The result should be the full listing copied exactly, with no pictures in it.

[[ COLLECTED DATA open ]]

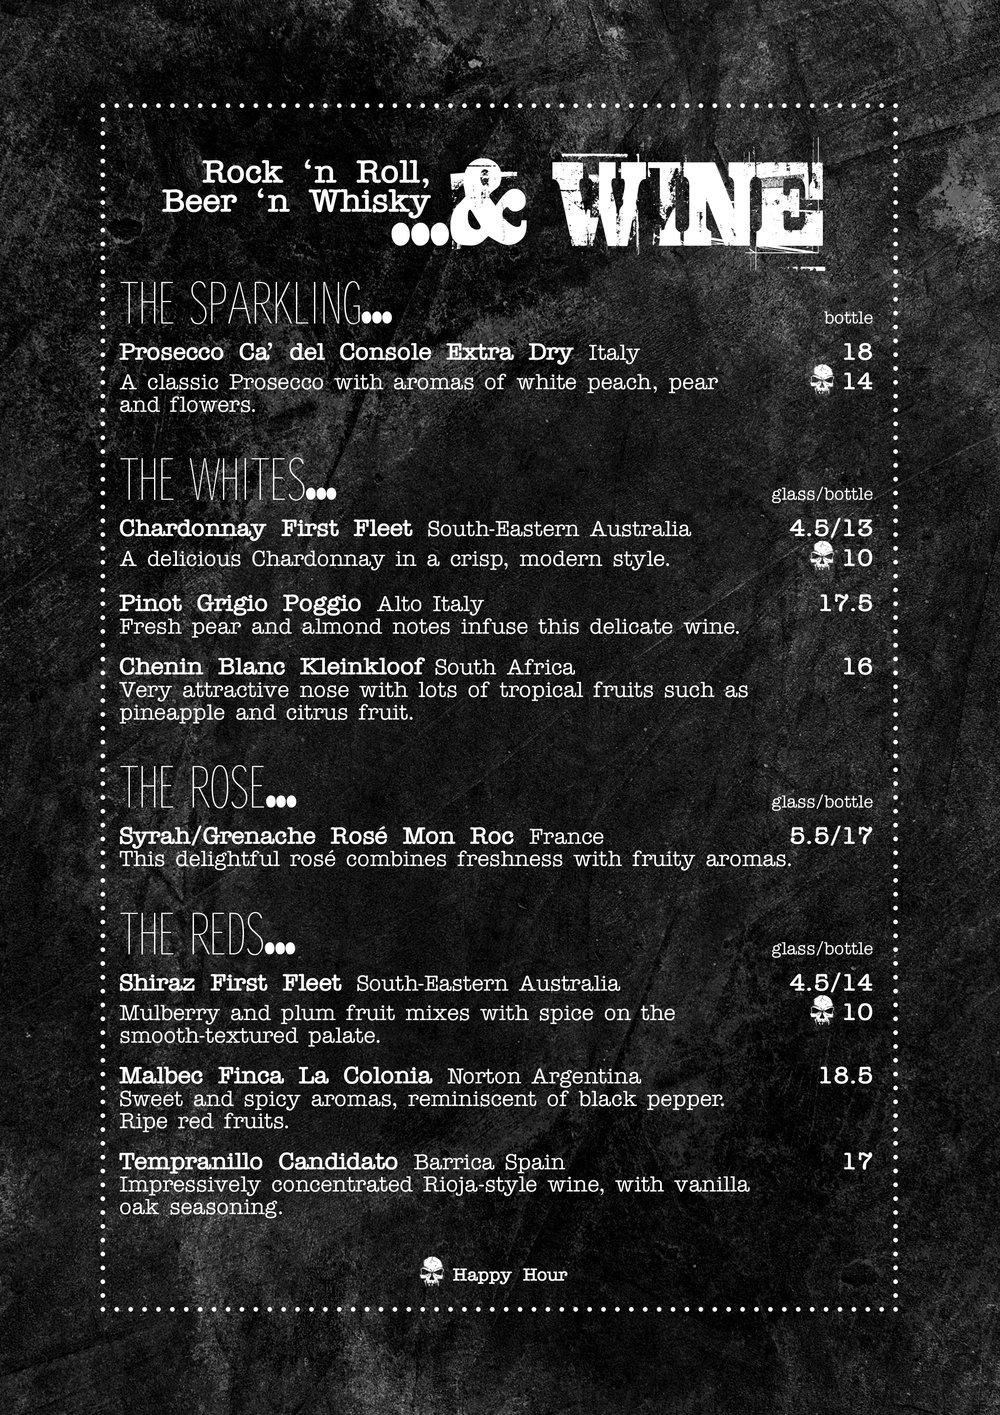 Crobar-wine-menu-July-18-2-EDIT.jpg
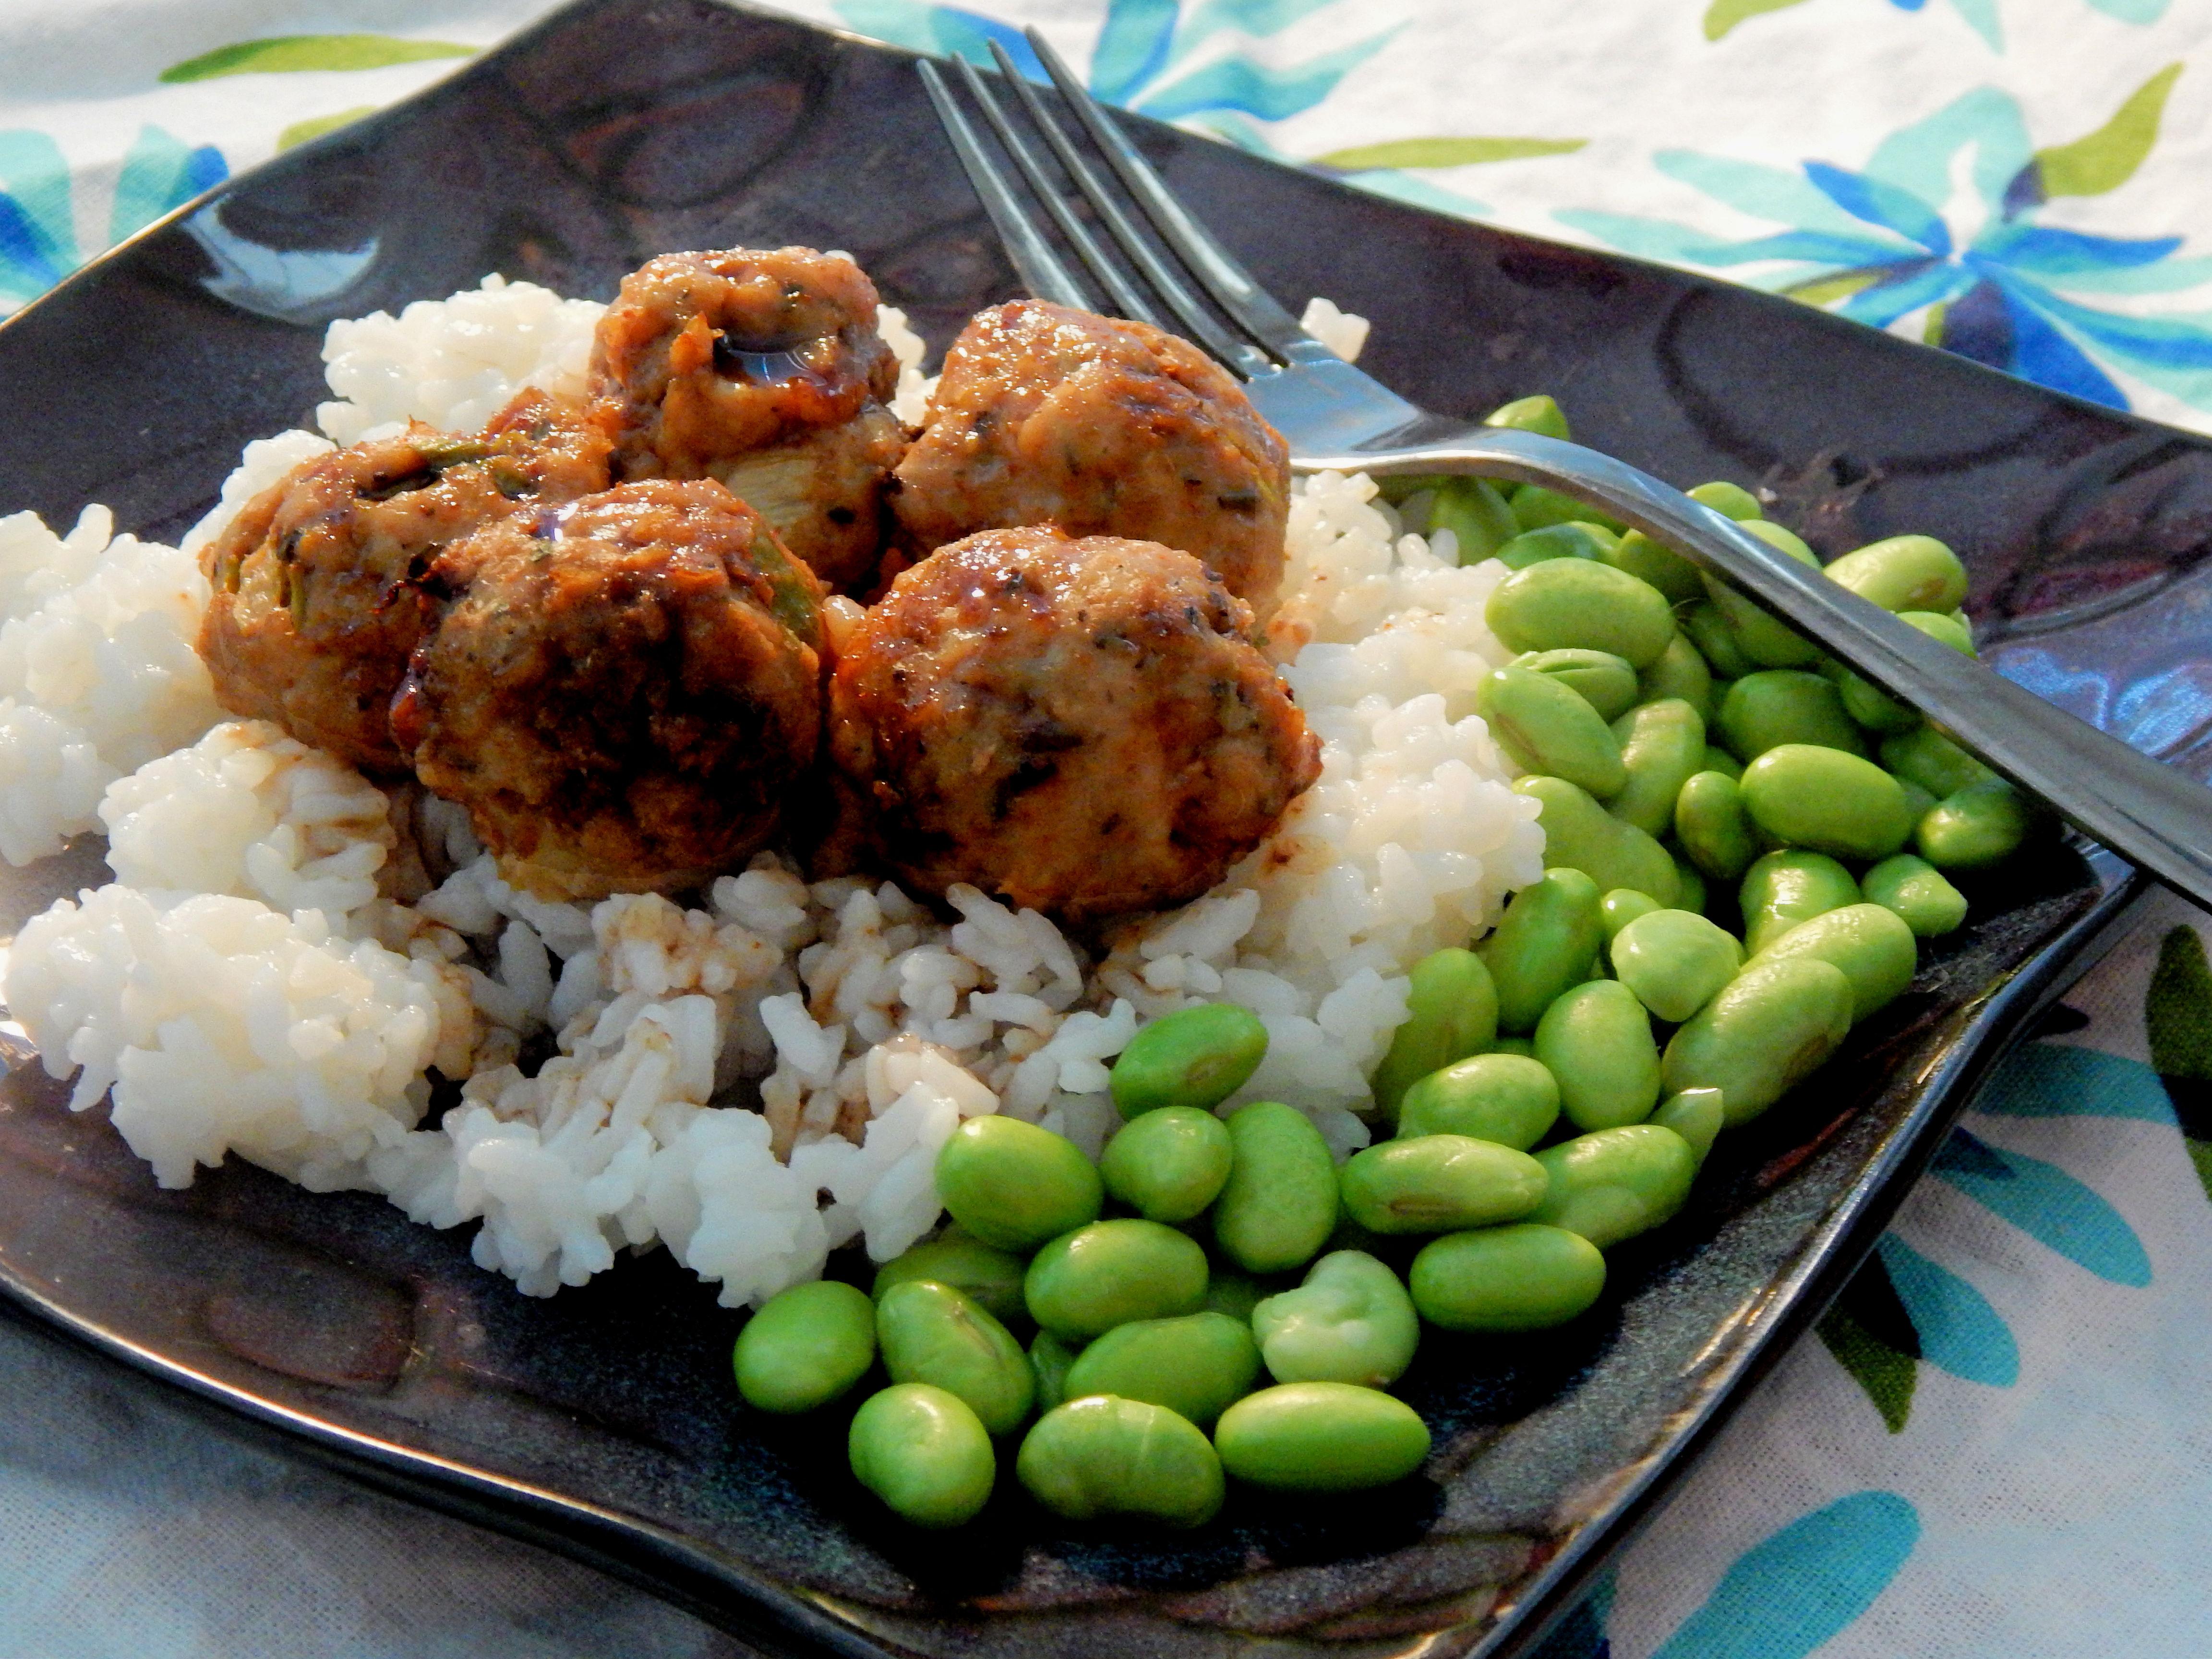 Asian Turkey Meatballs with Chile-Garlic Glaze
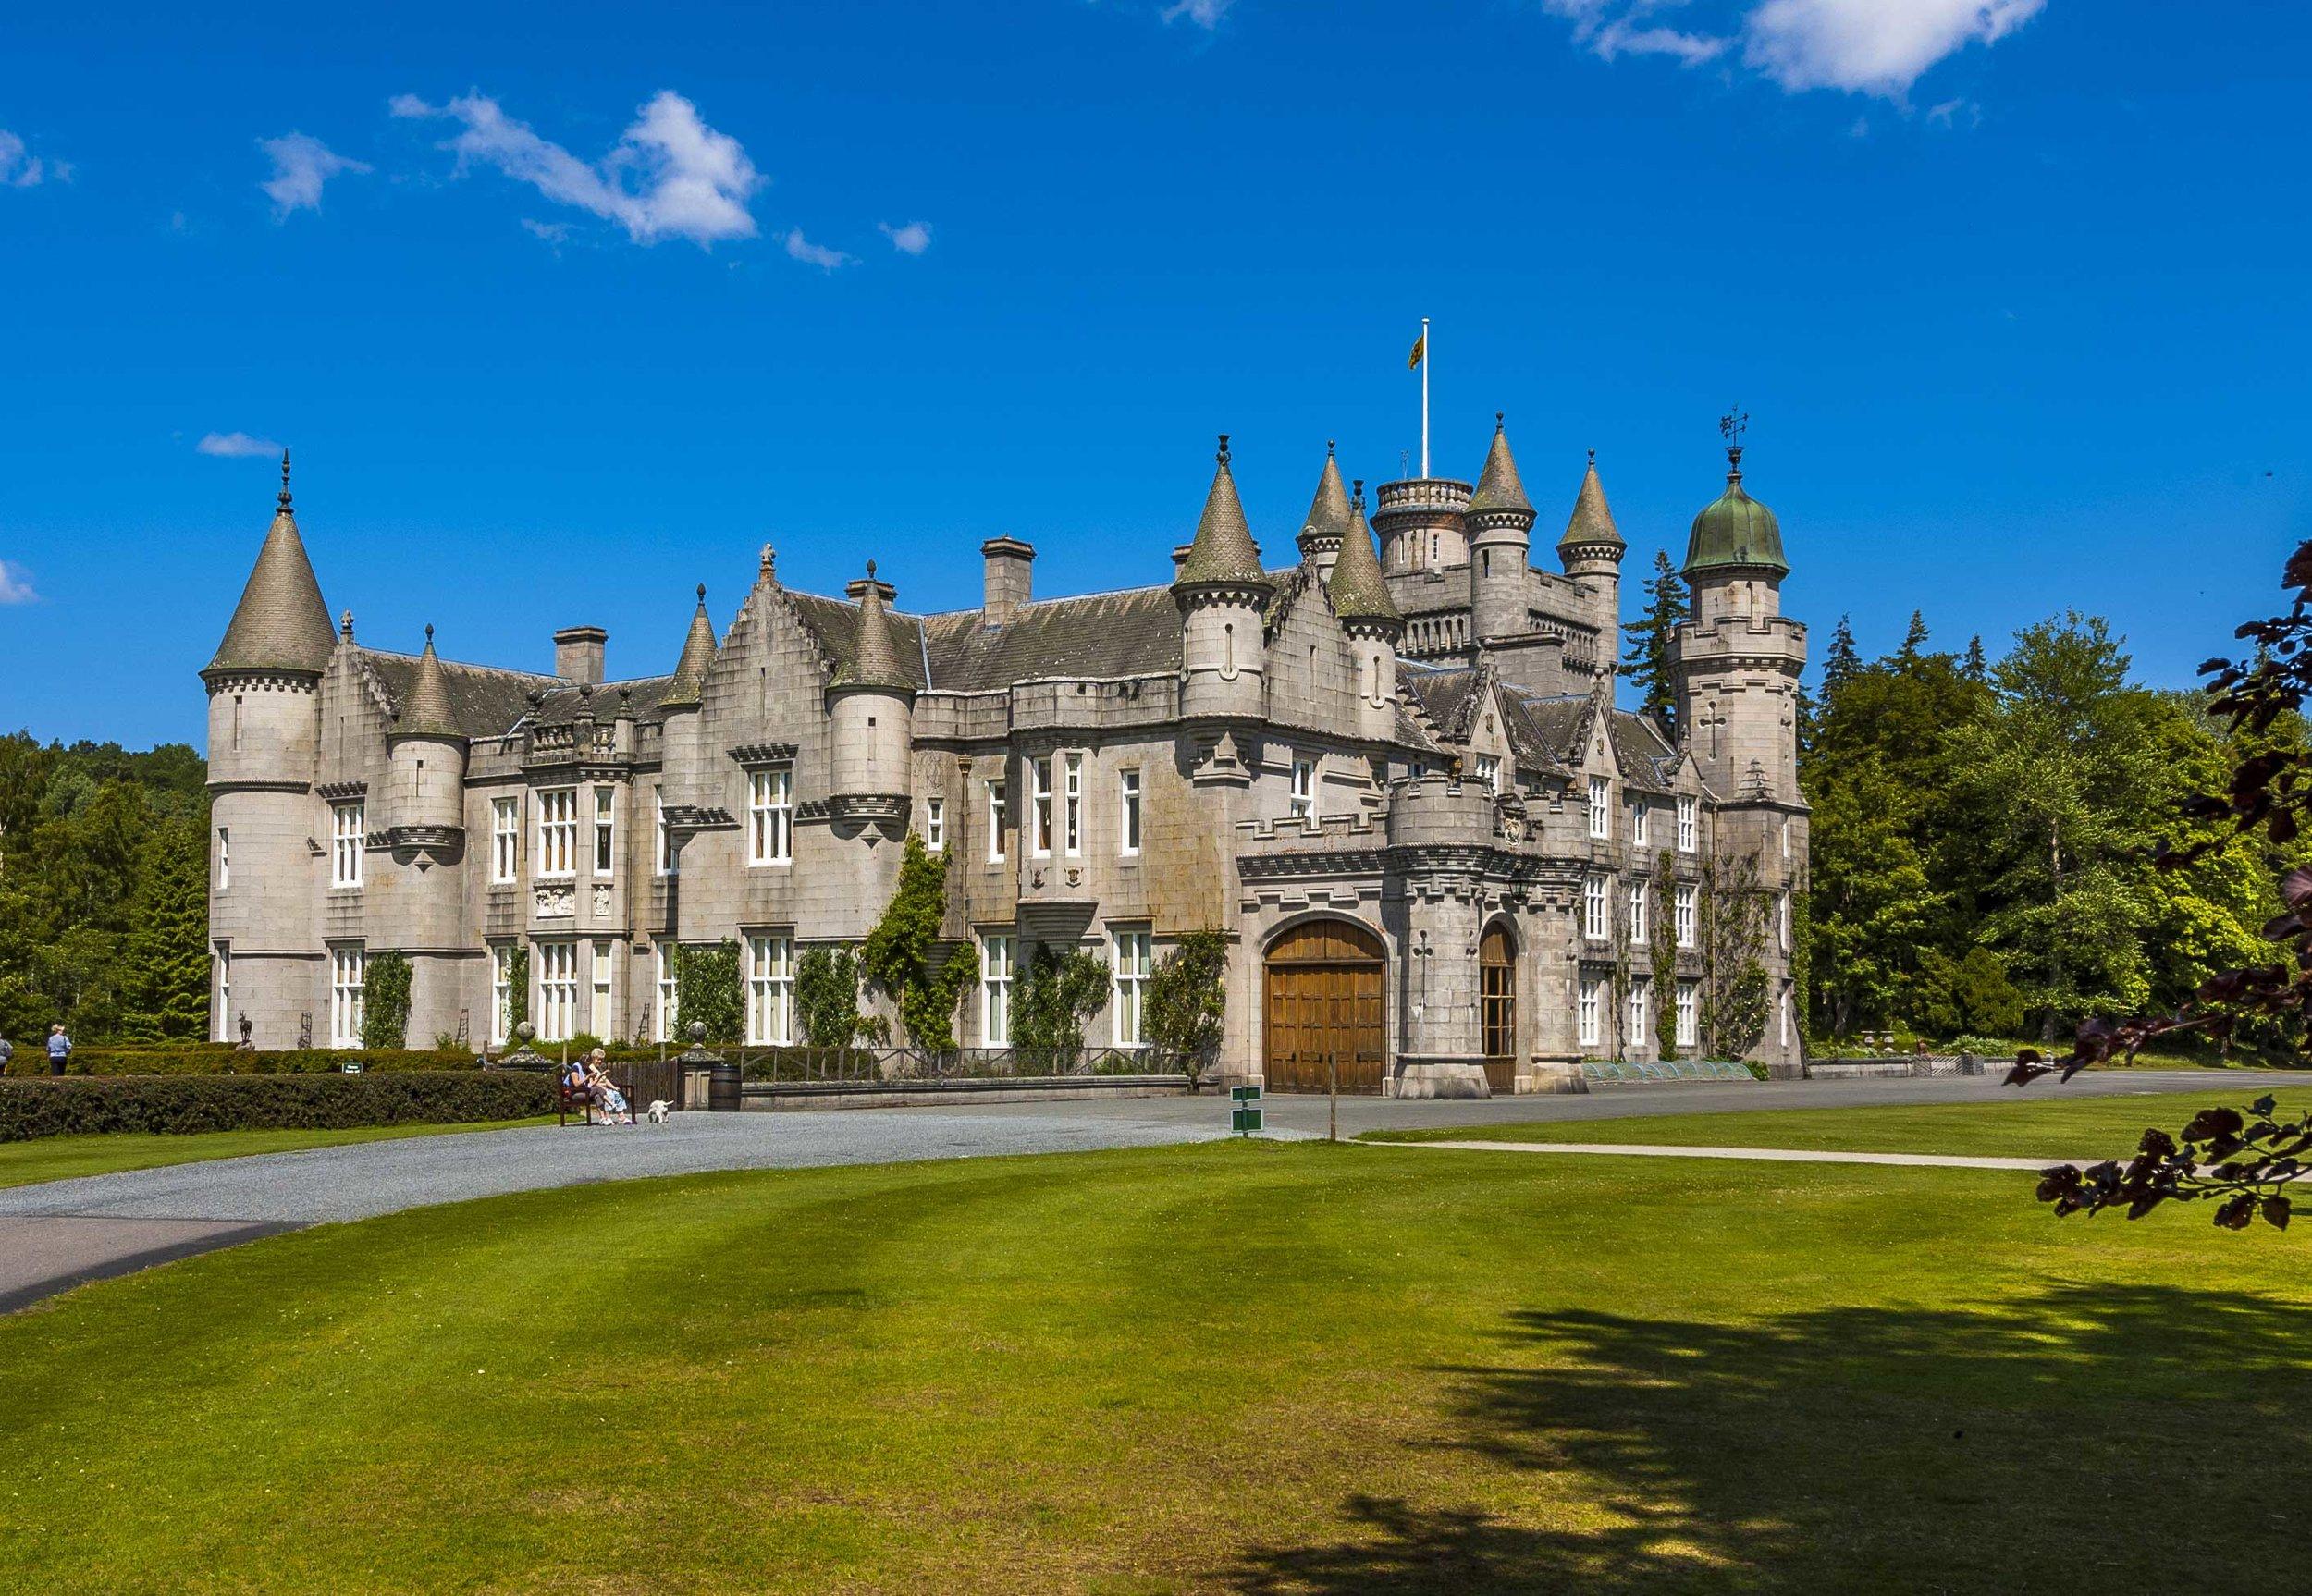 Balmoral-castle.jpg

[[ COLLECTED DATA closed ]]

**EXERCISE RESPONSE**
 Crobar-wine-menu-July-18-2-EDIT.jpg
 Asian Turkey Meatballs with Chile-Garlic Glaze
 Balmoral-castle.jpg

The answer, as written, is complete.